Auf Nachfrage von FM1Today bei der Kantonspolizei St.Gallen zeigt sich: Die Polizistinnen und Polizisten rücken Abstandssündern tatsächlich schon auf die Pelle. «Das neue Verkehrs-Kontroll-System ist seit rund zwei Wochen in Betrieb», bestätigt Pascal Häderli, Mediensprecher der Kantonspolizei St.Gallen.

Gerade einmal zwei Wochen nach Ankündigung wurden die Kameras also schon zum ersten Mal scharf gestellt. Und das, ohne ein genaues Datum bekanntzugeben. «Es wurde offiziell auf Ende Jahr angekündigt. Ein genaues Datum konnte aus ausbildungstechnischen Gründen nicht genannt werden», so Häderli.

«Funktioniert einwandfrei»

«Das System funktioniert einwandfrei», sagt Häderli. Auch mussten bereits einige Fahrzeuglenkende zur Anzeige gebracht werden. Zu wie vielen Anzeigen es gekommen ist, kann Häderli nicht beantworten, weil die Auswertungen noch nicht abgeschlossen seien.

Das System kontrolliert den Mindestabstand und soll so die Verkehrssicherheit auf Hochleistungsstrassen weiter erhöhen. Die Mitarbeitenden wurden beim Bürerstich in Oberbüren geschult. Da das System in Bern schon lange in Betrieb ist, wurden verschiedene «Tricks und Kniffs» von dort abgeschaut.

Quelle: TVO

Auf Facebook und Whatsapp wird davor gewarnt

Facebook, Whatsapp oder Telegram sind beliebte Plattformen, auf denen vor Radaranlagen, Polizeikontrollen und offenbar seit jüngstem auch vor dem Abstands-Kontrollsystem gewarnt wird. Zum Beispiel in der Facebook-Gruppe «Rennleitung SG». Sie gehört mit über 28'000 Mitgliedern zu den grössten der Schweiz. Legal ist das Ganze aber nicht, denn sobald bekannt ist, wo eine Kontrolle durchgeführt wird, ist die Wirkung verpufft.

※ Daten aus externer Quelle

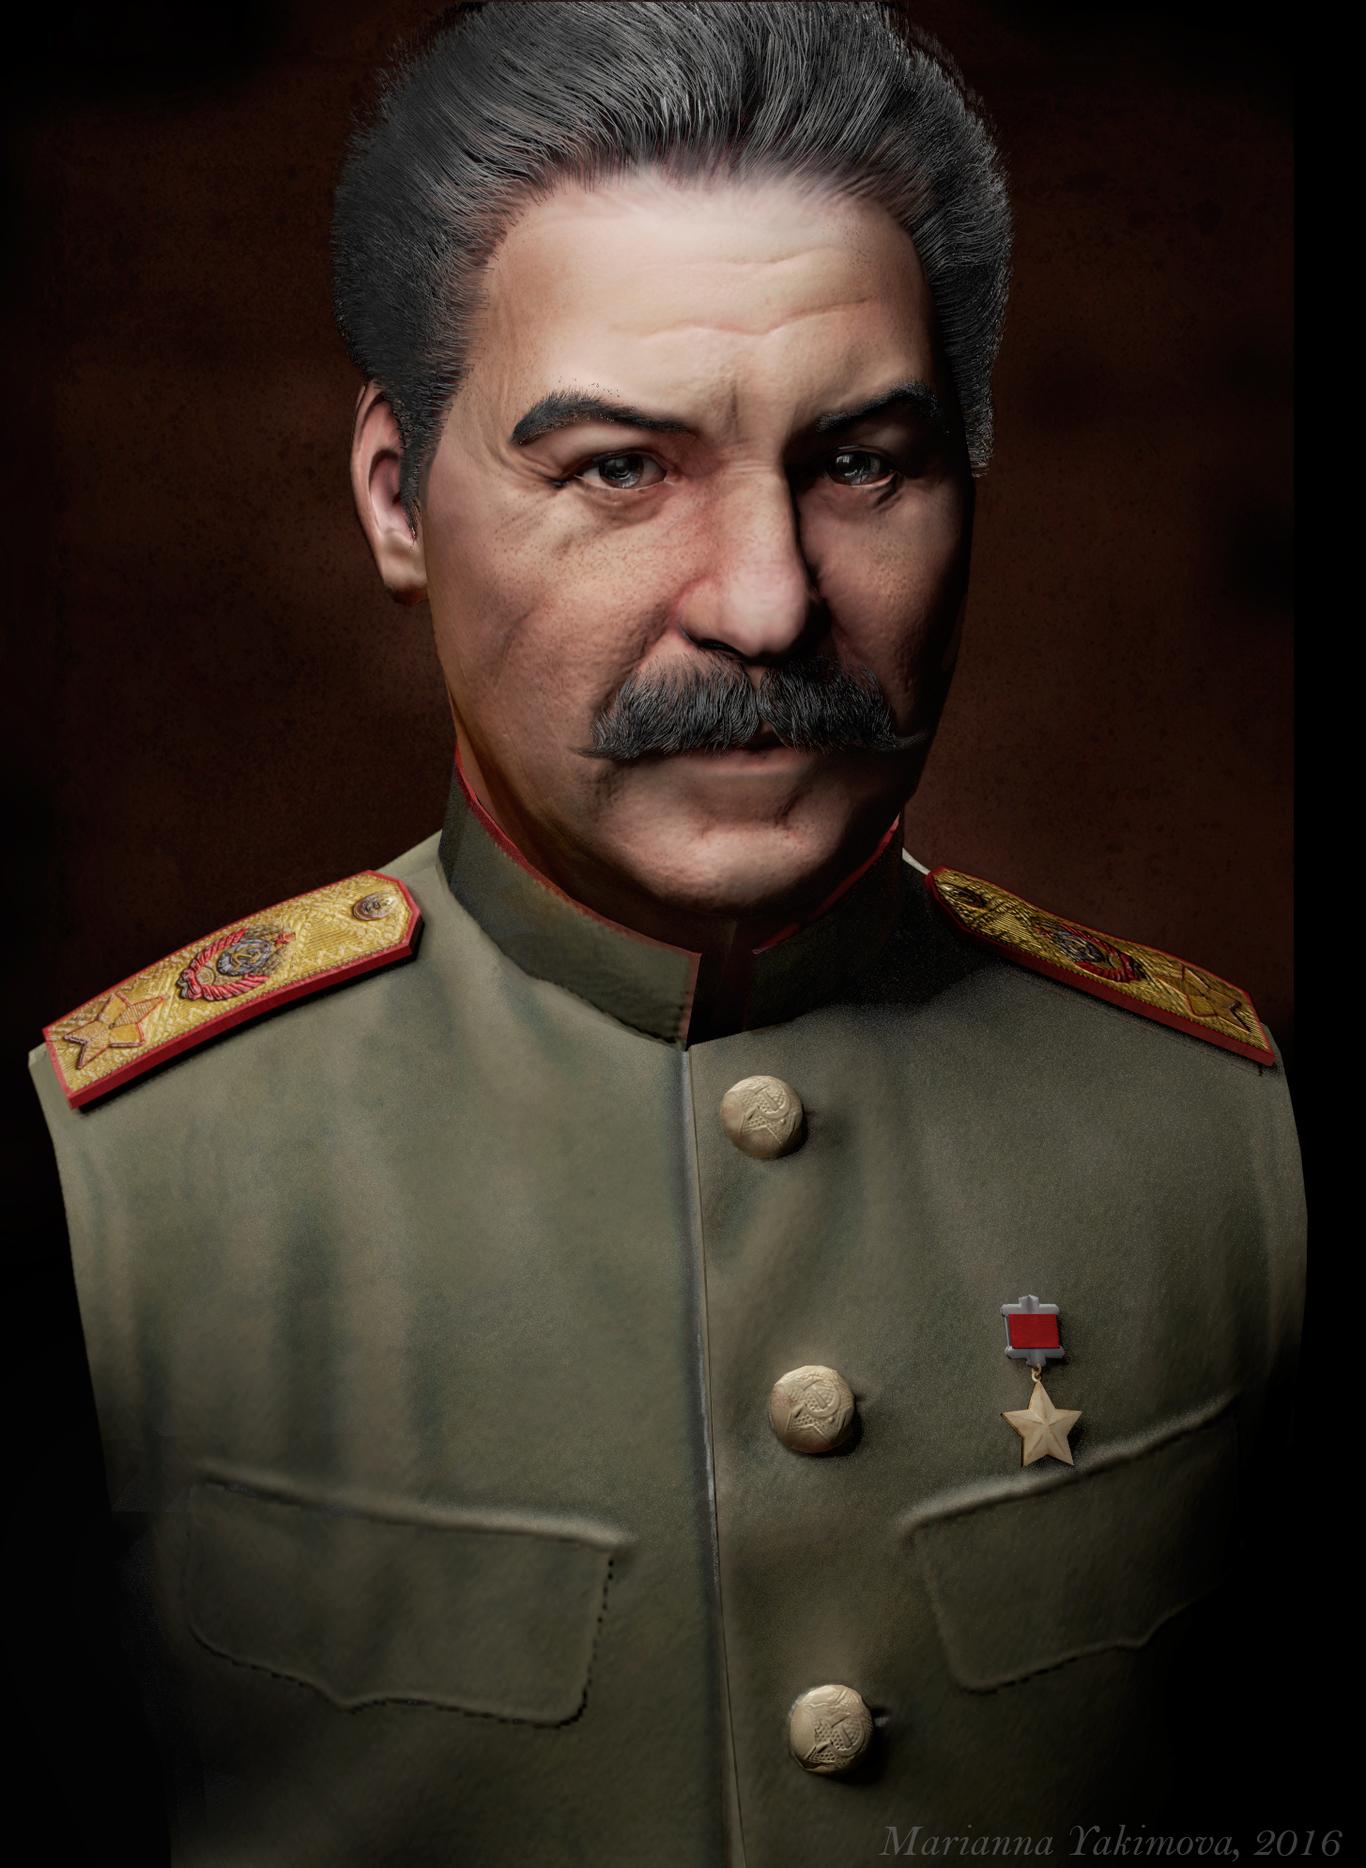 Mariannakot comrade stalin 1 5455df5b scvm
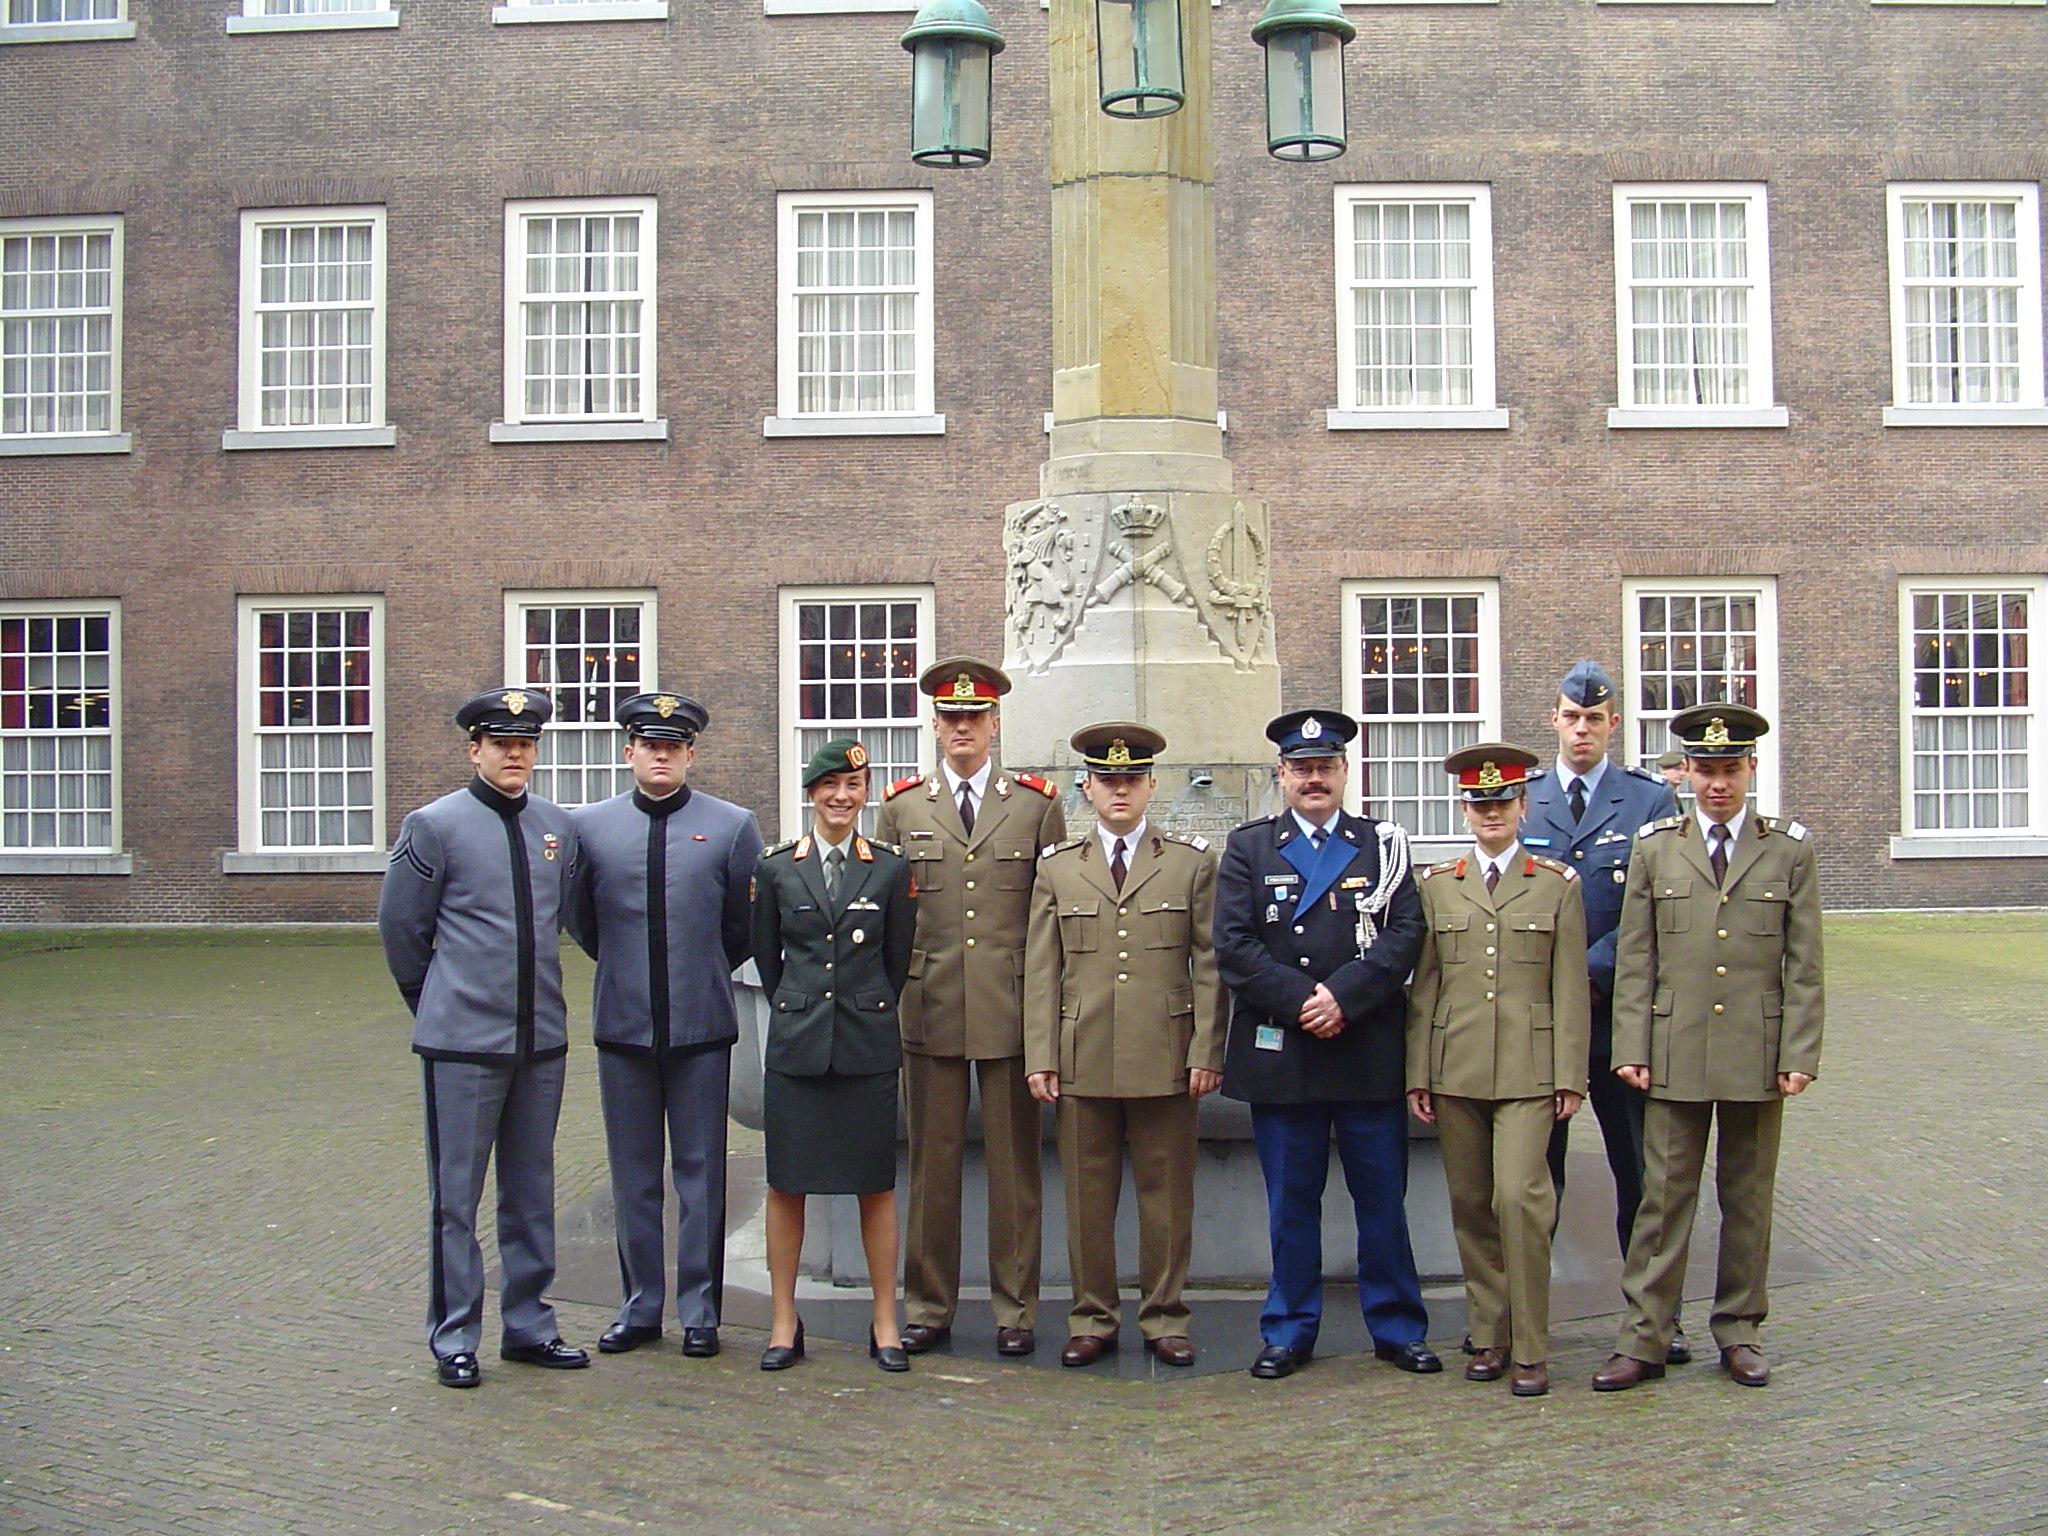 Vizită de studii în Olanda, împreună cu cadeți olandezi și americani

«Grundsätzlich ist es verboten, vor Kontrollen zu warnen. Natürlich können wir nicht alles ständig überwachen, dazu gibt es viel zu viele Plattformen, Gruppen und Kanäle. Aber sobald wir einen Hinweis erhalten, gehen wir dem selbstverständlich nach», so Häderli. Wie FM1Today berichtete, müssen Personen, die vor Blitzern und Co. warnen, mit Verzeigungen und Bussen rechnen.